Work request: Drop the pictures, then extract the listing word for word.

Collected material:
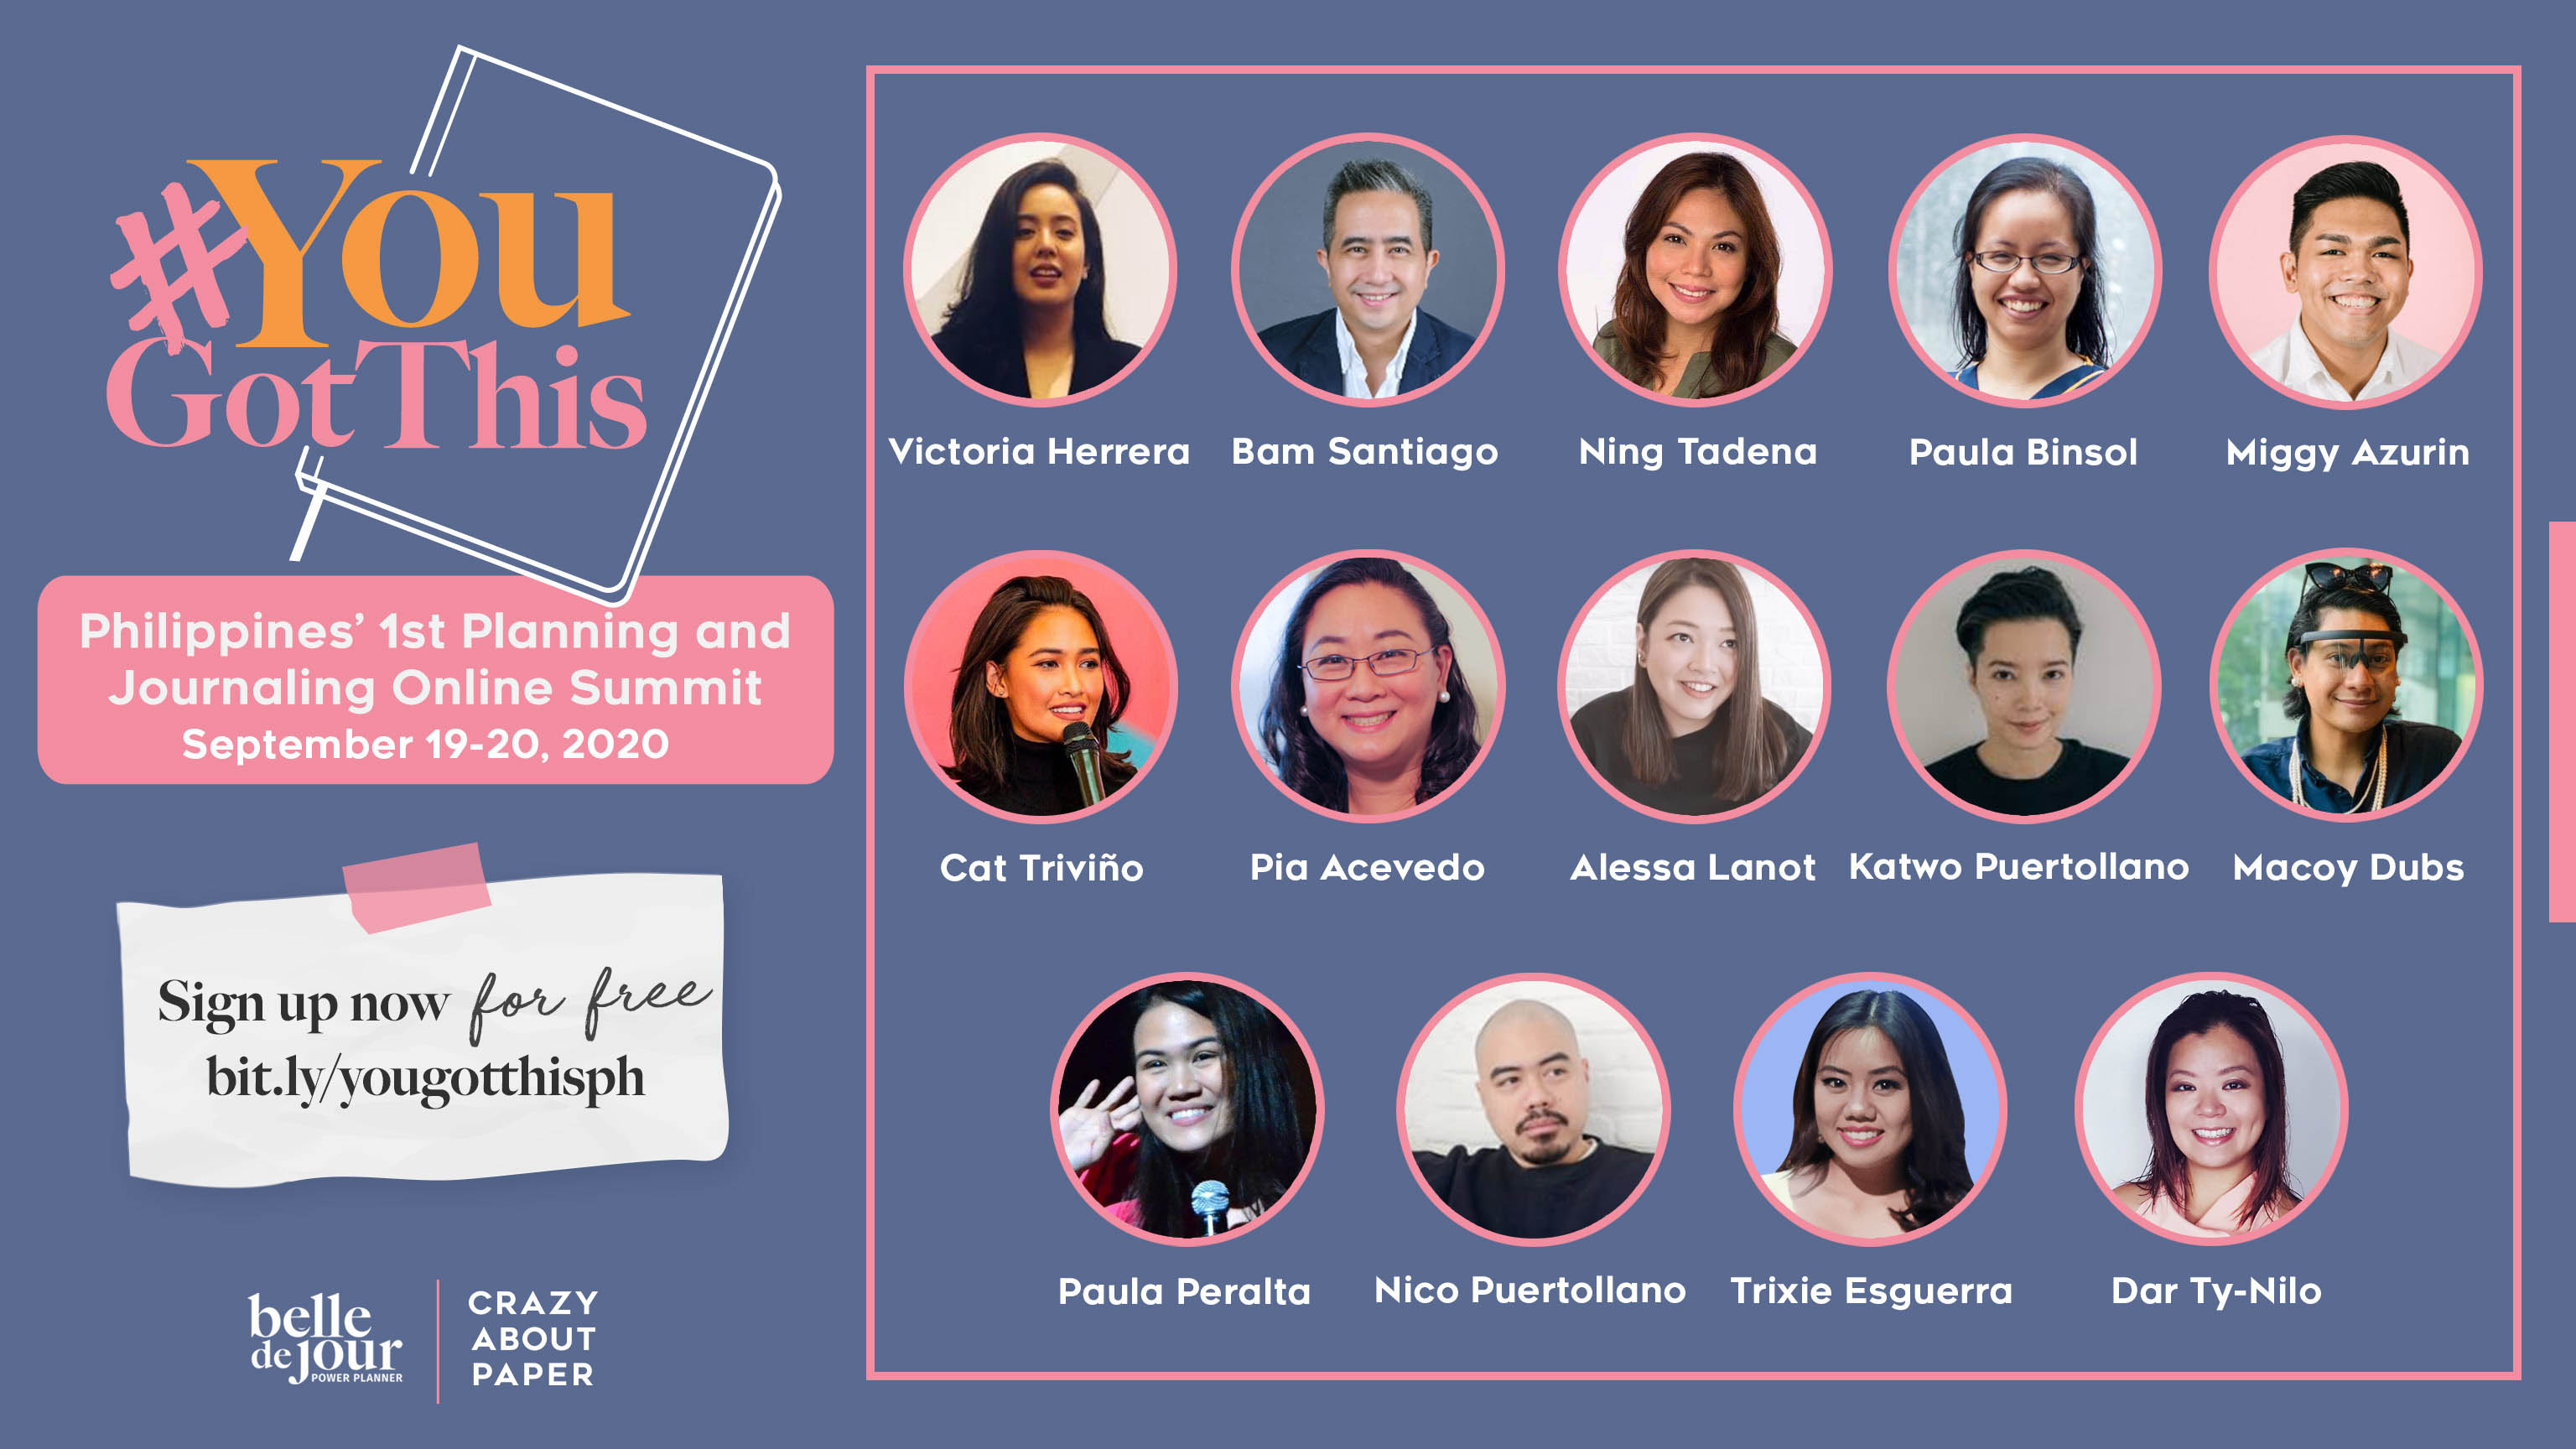 Viviamo Inc. holds its first planning and journaling online summit called #YouGotThis
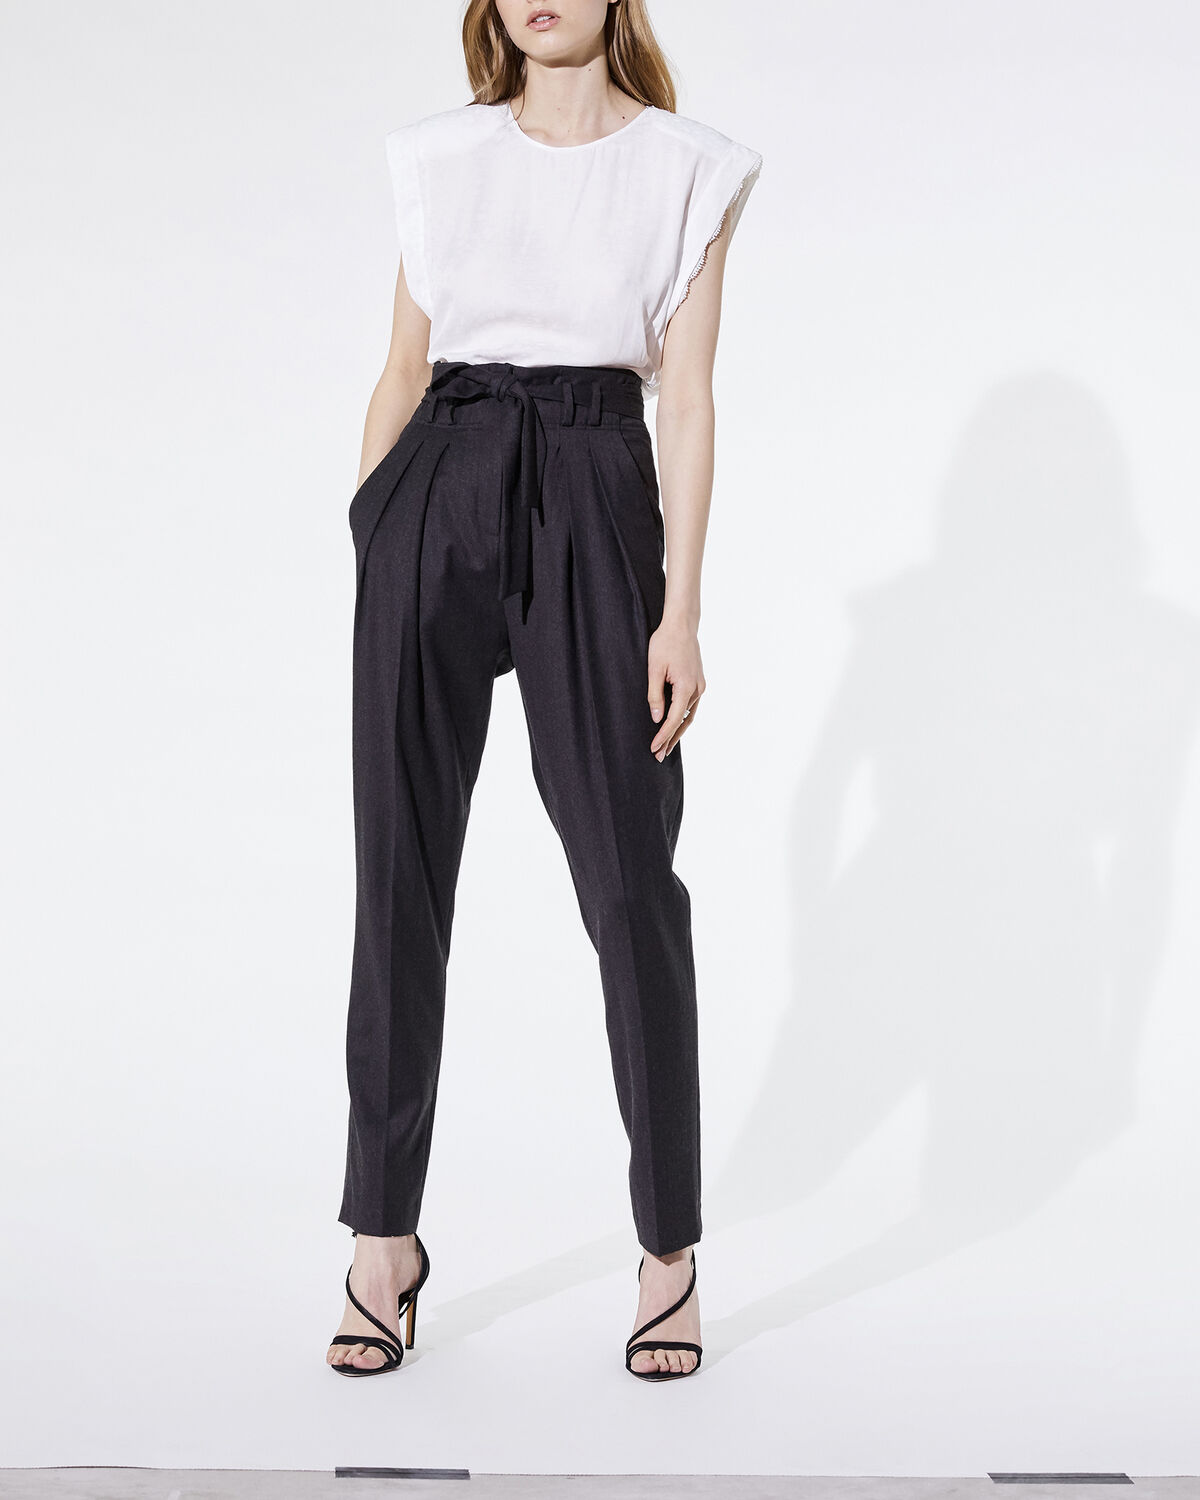 Marloa Trousers Anthracite by IRO Paris
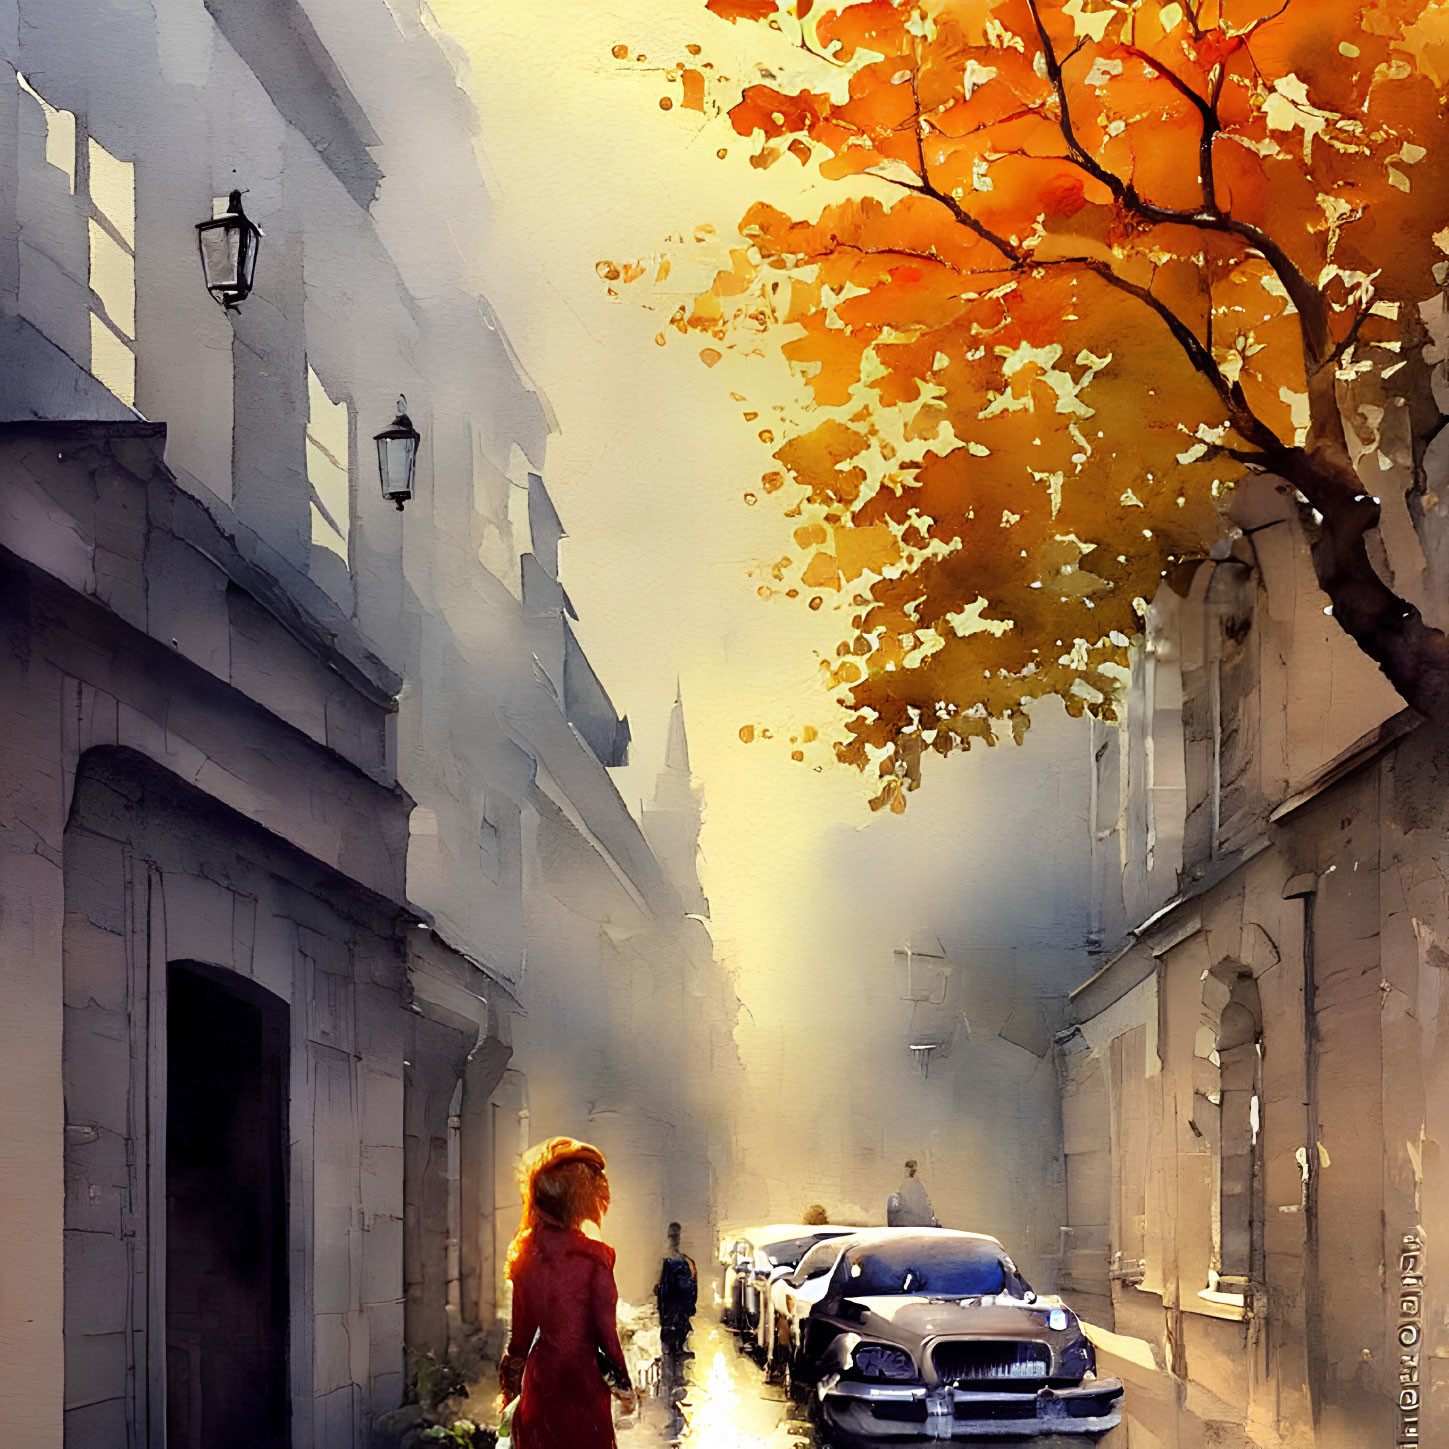 Person walking on sunlit street with vintage cars, autumn trees, and street lamps in golden-hued

Output:
 Viviamo Inc. holds its first planning and journaling online summit called #YouGotThis
 Marloa Trousers Anthracite by IRO Paris
 Person walking on sunlit street with vintage cars, autumn trees, and street lamps in golden-hued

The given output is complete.